# After 6 Months, More View Obama's Presidency as a 'Failure' Than Bush's



## Nuke_TRT (Feb 10, 2008)

August 6th, 2009

Posted by Tom Bevan 

A rather surprising finding from the newly released CNN poll. Question three on the national survey of 1,136 adults (which includes an oversample of African-Americans) asks, "Do you consider the first six months of the Obama administration to be a success or a failure?"

Thirty-seven percent (37%) said they believe the Obama administration is a "failure," while 51% consider it a "success" and 11% say it's still "too soon to tell."

An identical question was asked of the Bush administration in an August 2001 CNN/Gallup/USA Today survey. At the time, 56% said the Bush administration was a "success" while only 32% considered it a "failure."

*President Obama Job Approval*
RCP Average
Approve
53.6

Disapprove
39.3

Spread +14.3

*Congressional Job Approval*
RCP Average
Approve
30.6

Disapprove
60.8

Spread -30.2

*Direction of Country*
RCP Average
Right Direction
38.6

Wrong Track
54.6

Spread -16.0

*Generic Congressional Vote*
RCP Average
Democrats
43.3

Republicans
42.5

Democrats +0.8

After 6 Months, More View Obama's Presidency as a 'Failure' ThanBush's - Real Clear Politics - TIME.com


----------



## LGriffin (Apr 2, 2009)

Very interesting result for a CNN poll.


----------



## Eagle13 (Jun 12, 2008)

I am not ready to say that yet, but I was also trying to be optimistic about Deval. hahaha


----------



## Boston Irish Lass (Feb 13, 2009)

Eagle13 said:


> I am not ready to say that yet, but I was also trying to be optimistic about Deval. hahaha


I gave up on Deval when I read an article about a speech he gave that included the words "I'm one of you", and let's just say that he wasn't implying he was relating to the Irish.


----------



## 7costanza (Aug 29, 2006)

I feel very little joy in repeating " I told you so" ...everyday....the price is simply not worth it.


----------



## Guest (Aug 6, 2009)

60% of voters disapprove of the job performance of Congress, but 43% would vote for the filibuster-proof majority Democrats again.
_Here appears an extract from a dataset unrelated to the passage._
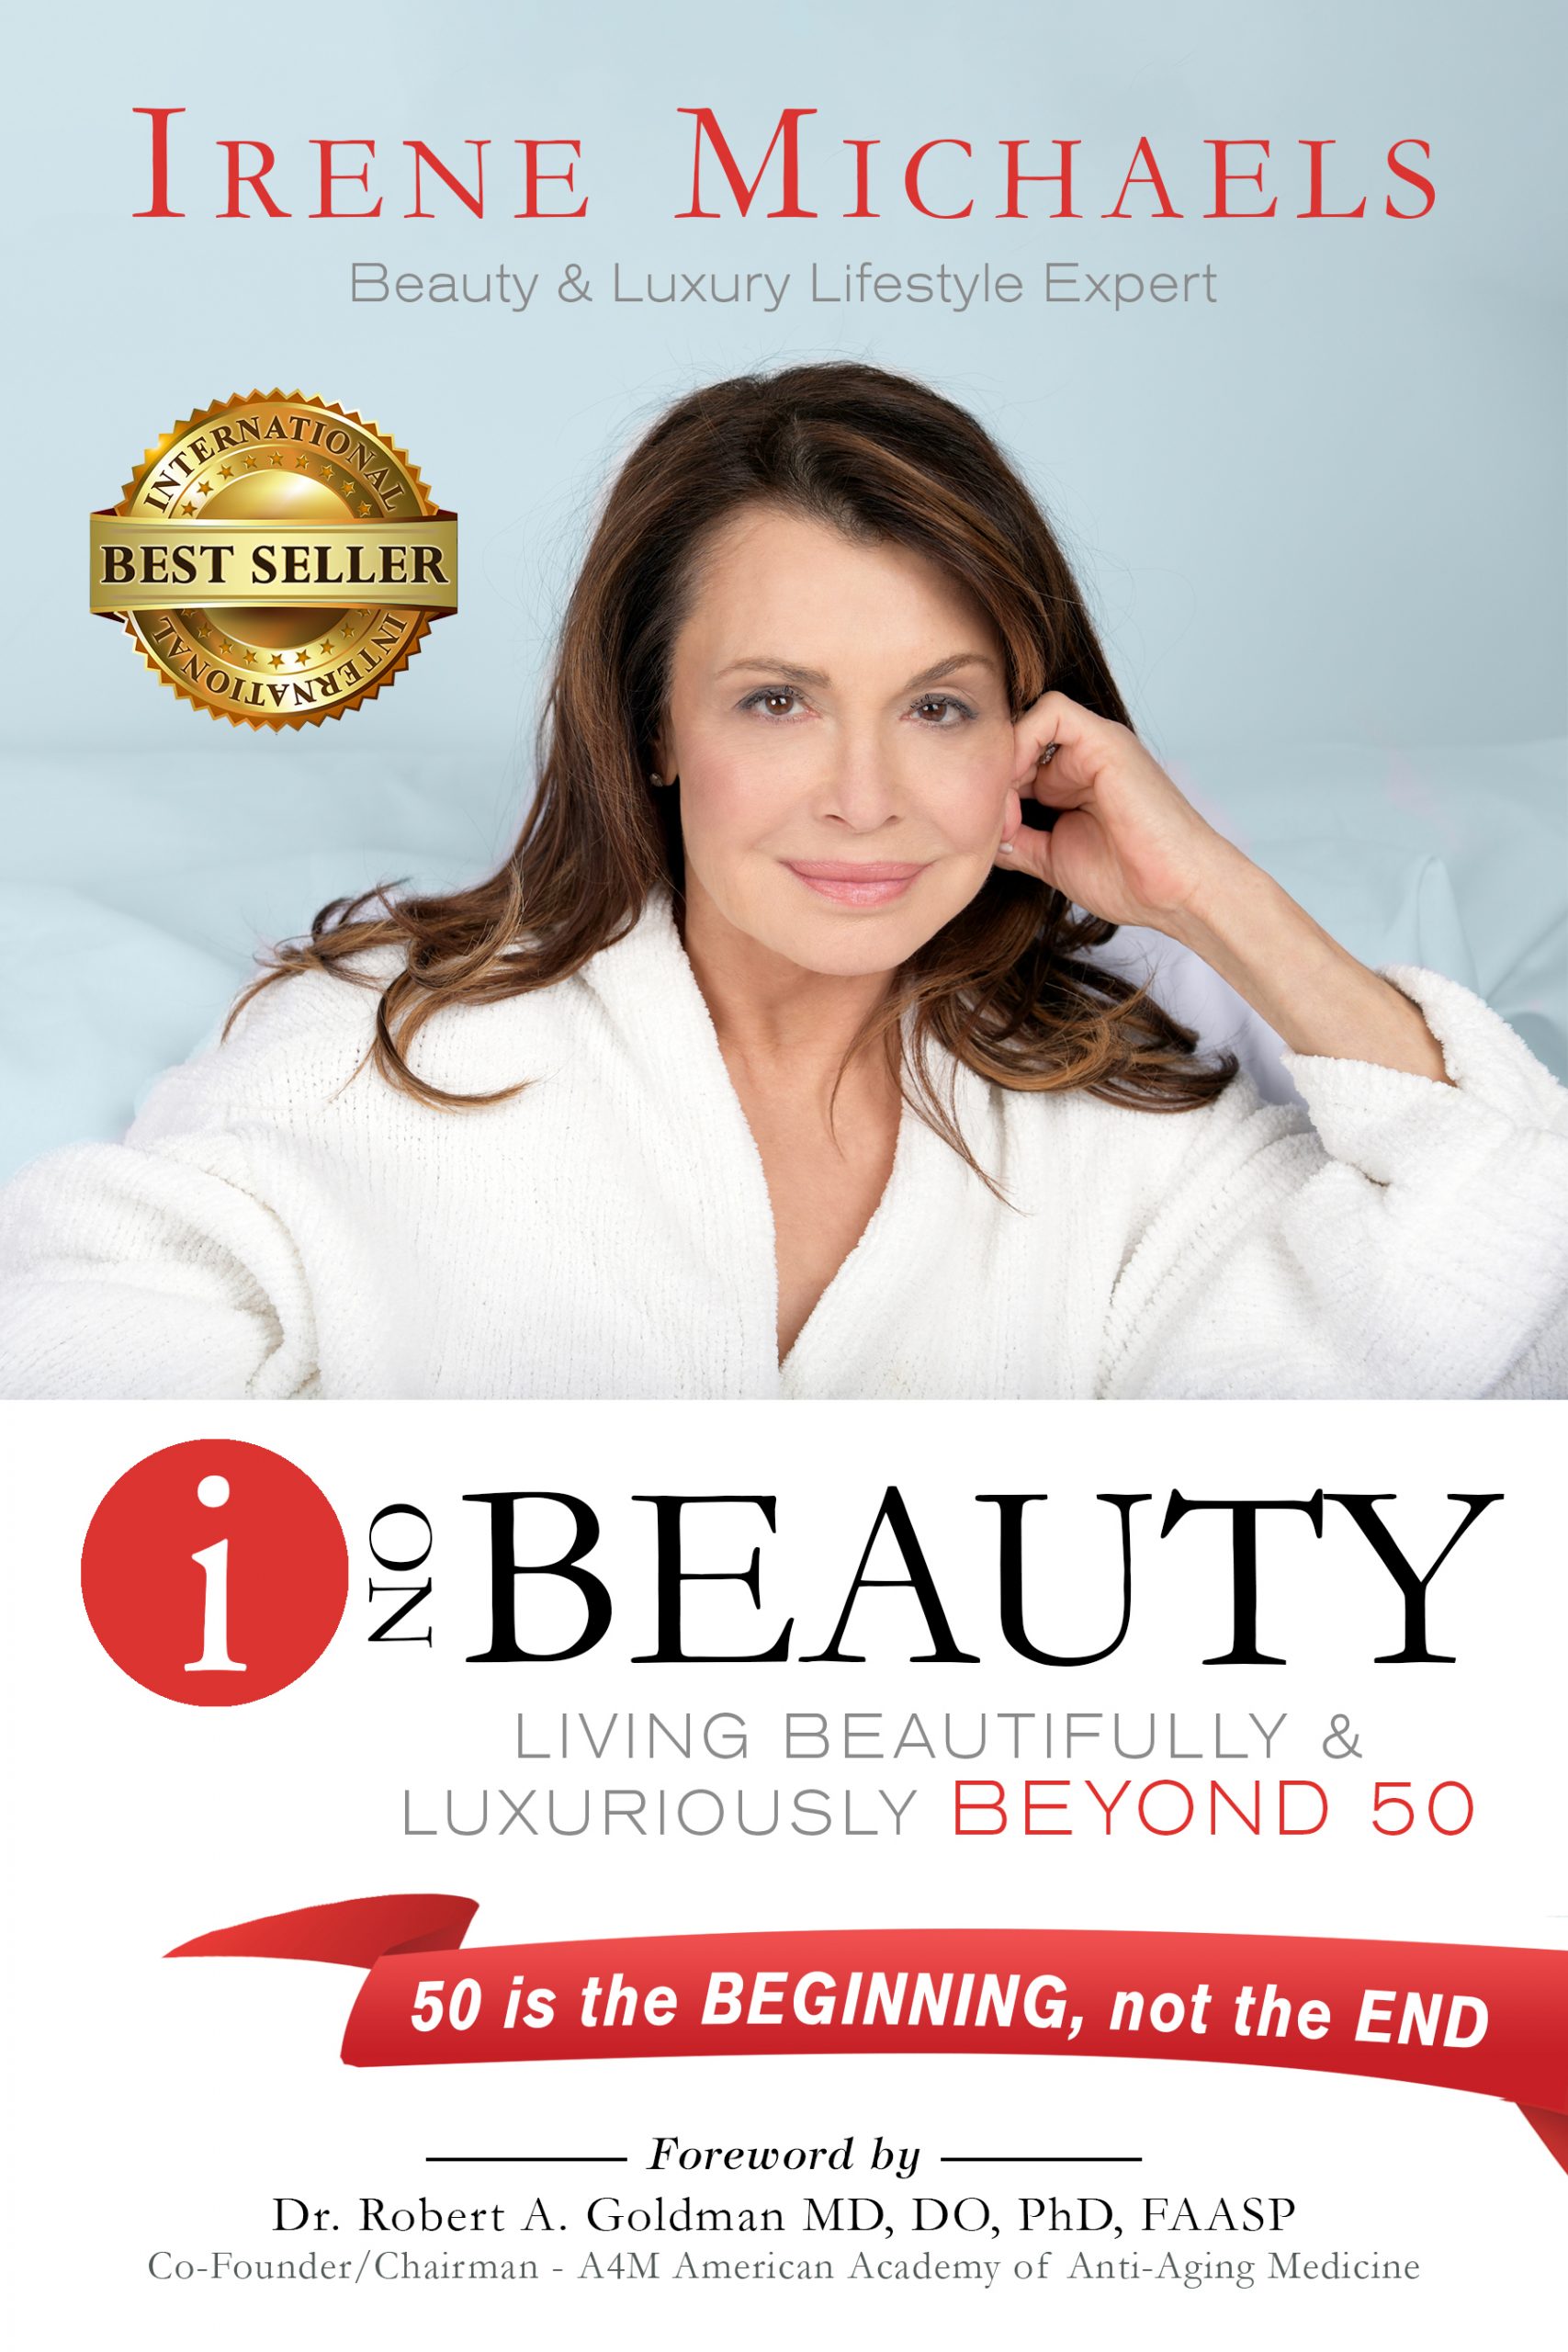 “I On Beauty: Living Beautifully and Luxuriously Beyond 50” By Irene Michaels Available on Amazon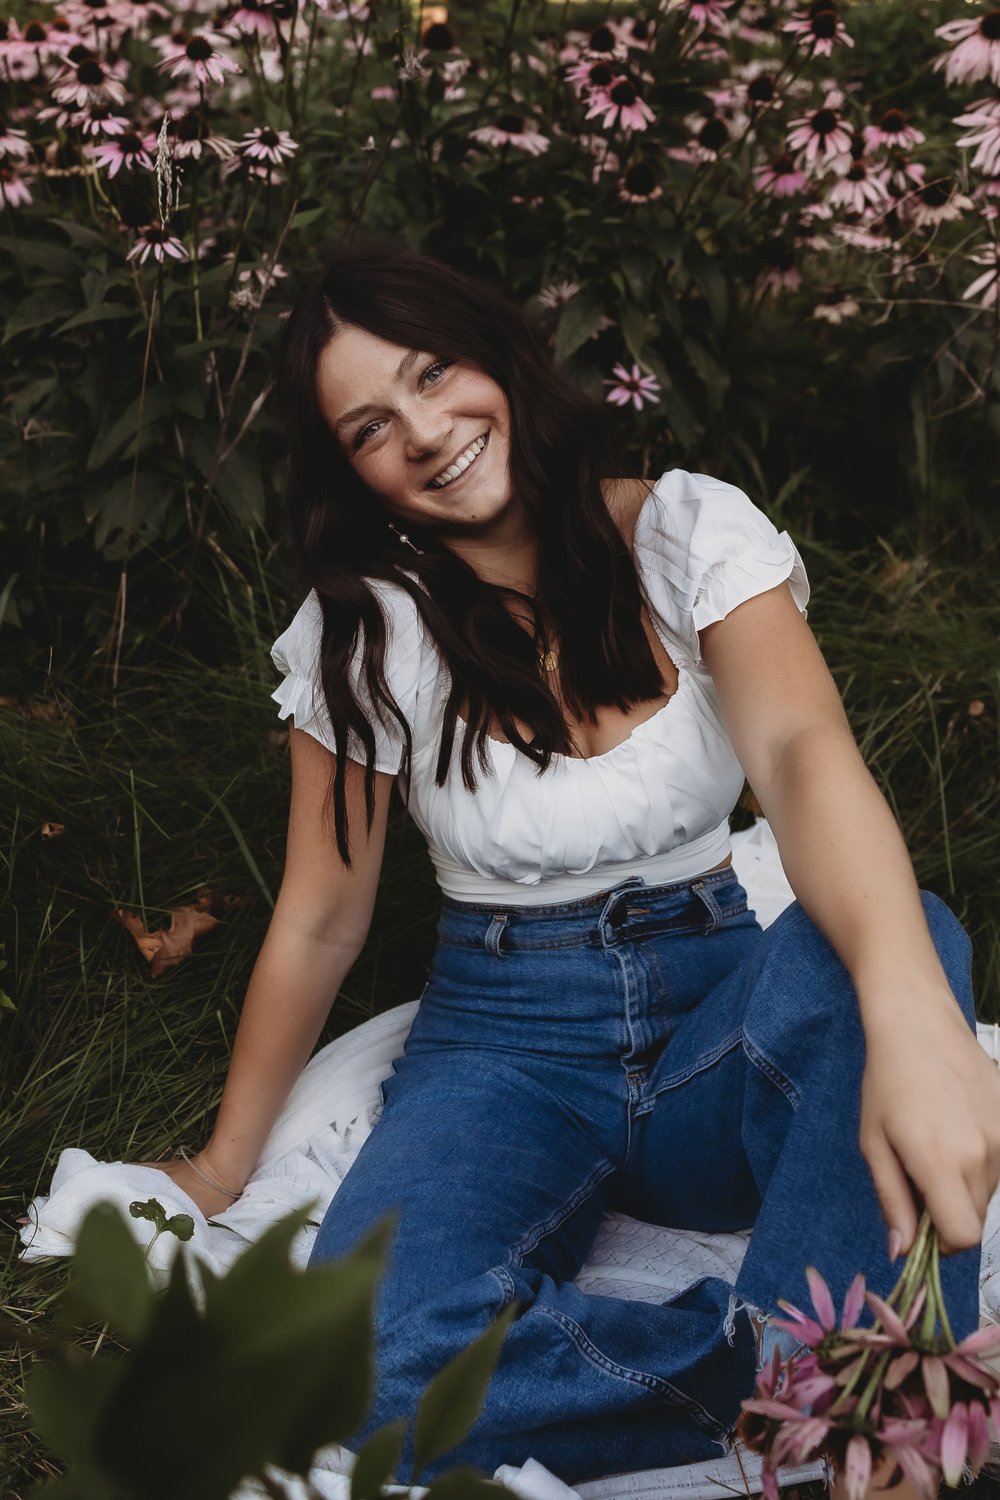  olivia smiles while sitting on a blanket in the grass in front of a bunch of growing flowers

And people wonder why this country is so fucked up right now?


----------



## frapmpd24 (Sep 3, 2004)

> "Do you consider the first six months of the Obama administration to be a success or a failure?"


I figured that out back in November when I voted for McCain! It has taken the sheeple this long to (start to) realize this is going to be a bad experiment, the likes we have never seen before.


----------